Через несколько часов меня, с кляпом во рту и завязанными глазами, швыряют в багажник какой-то машины. Я понимаю: это конец. Сейчас вывезут на пустырь и убьют. Но тревожит меня другое: с какой покорностью я всему подчиняюсь! Ягненок, и тот защищался бы лучше. Захлопнувшись, крышка багажника отняла у меня последние крохи уважения к себе, отрезала от мира. Пройденный путь, невероятная карьера — и все ради того, чтобы закончить дни в багажнике машины, как никому не нужный мешок с мусором! Как мог я так низко пасть? Почему позволяю обходиться с собой таким образом, почему и пальцем не шевельну? Чувство бессильного гнева уносит меня в далекое прошлое. Я вспоминаю, как однажды утром дед на своей телеге повез меня к зубному врачу. Колымагу сильно качнуло на выбоине дороги, и она сбила с ног погонщика мулов. Поднявшись, тот начал честить деда на чем свет стоит. Я ожидал, что патриарх тоже придет в ярость, от которой, бывало, дрожали провинившиеся члены племени, но каково же было мое огорчение, когда я увидел, что мой мудрый наставник, мой кентавр Хирон, человек, который был для меня почти что божеством, превознесенным и обожаемым, стал рассыпаться в извинениях и стянул с головы куфию, которую погонщик тут же вырвал у него из рук и бросил на землю. Я был так потрясен, что забыл про зубную боль. Мне было лет семь-восемь. Я не мог поверить, что мой дед позволяет себя так унижать. Меня колотило от гнева и бессилия; каждый вопль погонщика мулов сбрасывал меня еще на одну ступеньку вниз. Я смотрел на крушение своего кумира, словно капитан на тонущий корабль… Такая же тоска навалилась на меня и теперь, когда багажник, захлопнувшись, стер меня с лица земли. Мне стыдно, что я так безропотно стерпел все оскорбления. Теперь я ничто. Мне все равно, что со мной будет.

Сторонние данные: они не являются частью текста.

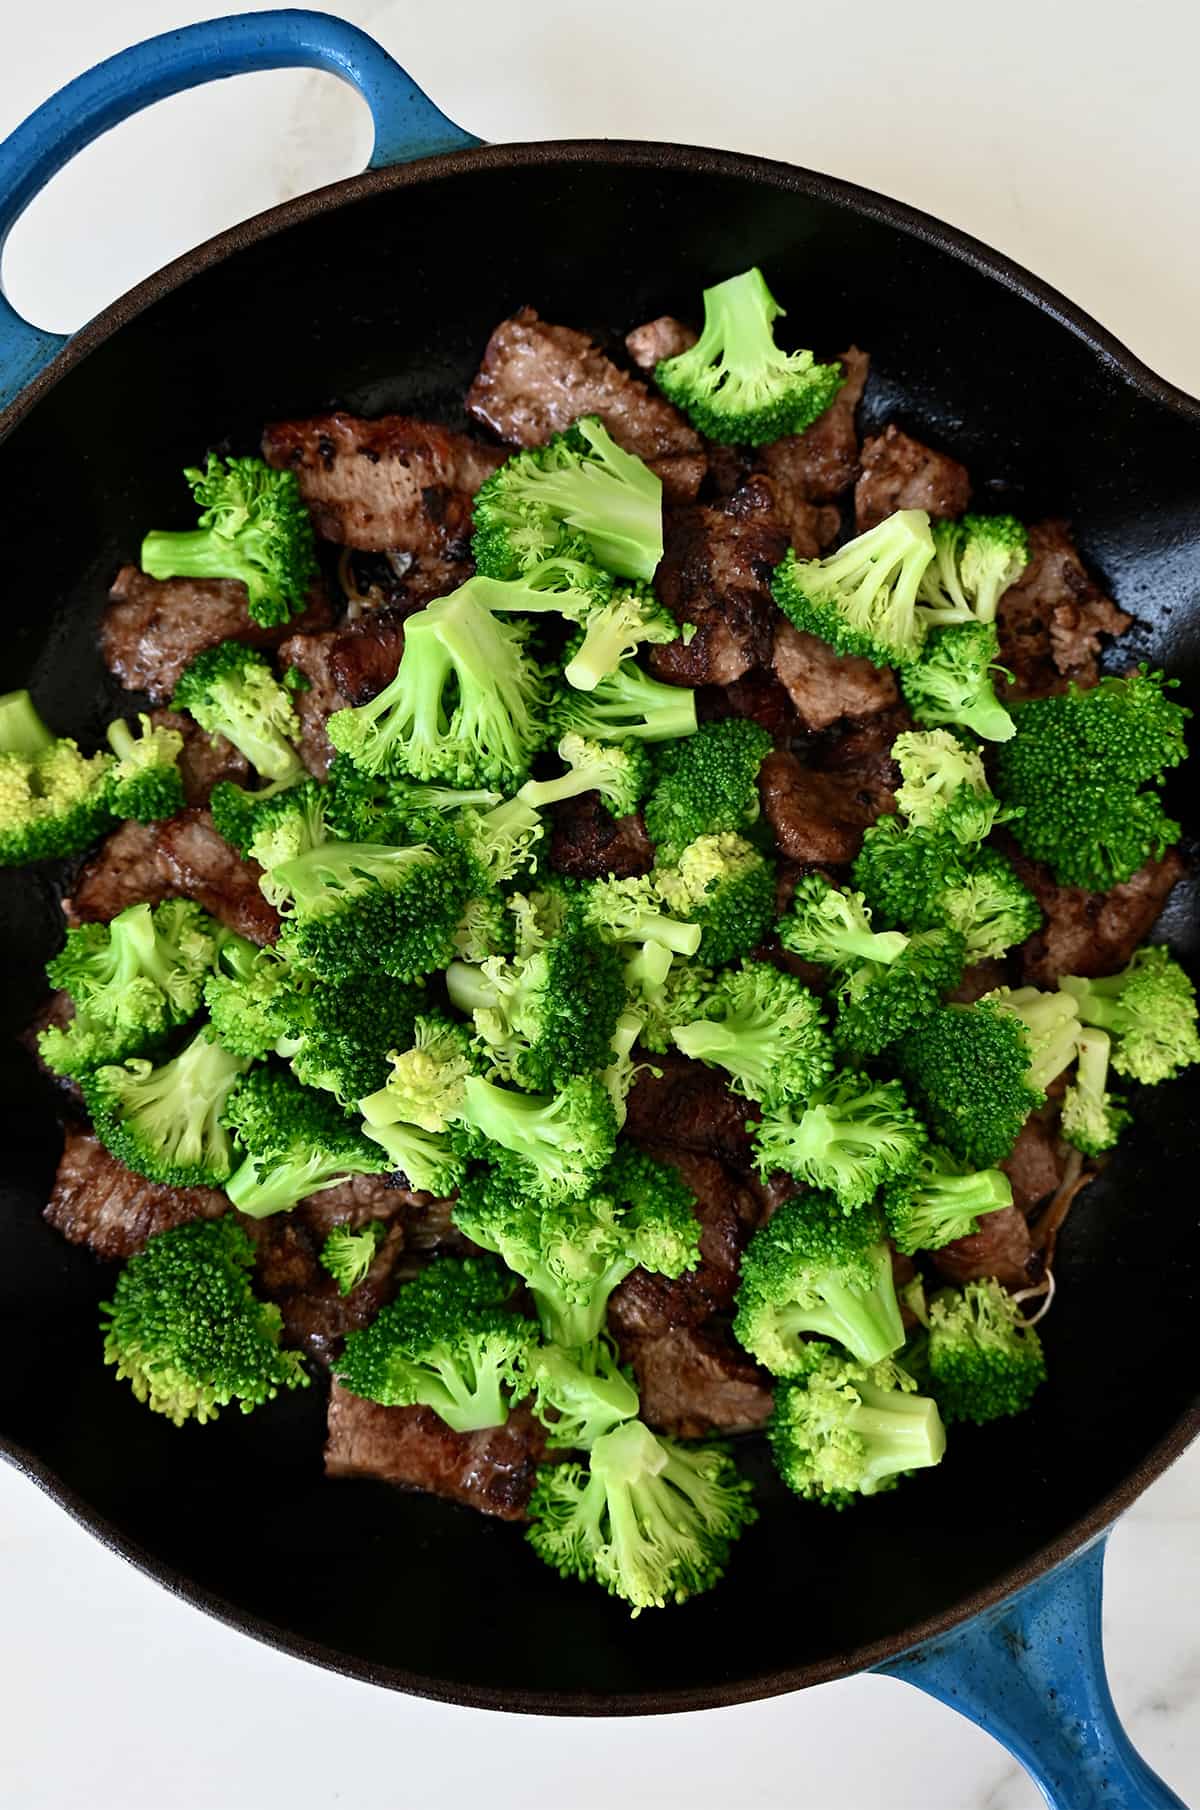 Stir-fried broccoli and beef in a large skillet.

Меня запирают в каком-то темном подвале; ни окна, ни освещения.
— Роскоши тут нет, но обслуживание — супер, — говорит мне человек в куртке парашютиста. — Хитрить бесполезно: шансов отсюда сбежать у тебя нет. Если бы это зависело только от меня, ты бы уже гнил где-нибудь. Но увы, я завишу от начальства, а оно не всегда вникает в мое душевное состояние.
Мое сердце чуть не остановилось, когда он захлопнул за собой дверь. Я сажусь, обнимаю колени руками и застываю.
За мной приходят на следующий день. Я снова в багажнике — в наручниках, с мешком на голове и кляпом во рту. После долгой езды по ухабам меня швыряют наземь. Потом ставят на колени и снимают с головы мешок. Первое, что бросается мне в глаза, — большой камень со следами пуль, заляпанный кровью. Все вокруг воняет смертью. Здесь, должно быть, немало людей расстреляли. Кто-кто приставляет мне к виску дуло ружья. "Ты, ясное дело, не знаешь, где находится Кааба, — слышу я, — но молитва никогда не помешает". Прикосновение металла — точно жадная пасть, готовая обглодать меня с головы до ног. Я не боюсь, но дрожу так, что зубы вот-вот разлетятся на куски. Закрываю глаза, собираю остатки достоинства и жду конца… Хрипение рации спасает меня буквально в последнюю секунду: мои палачи получают приказ отложить на потом свое грязное дело и отвезти меня обратно в узилище.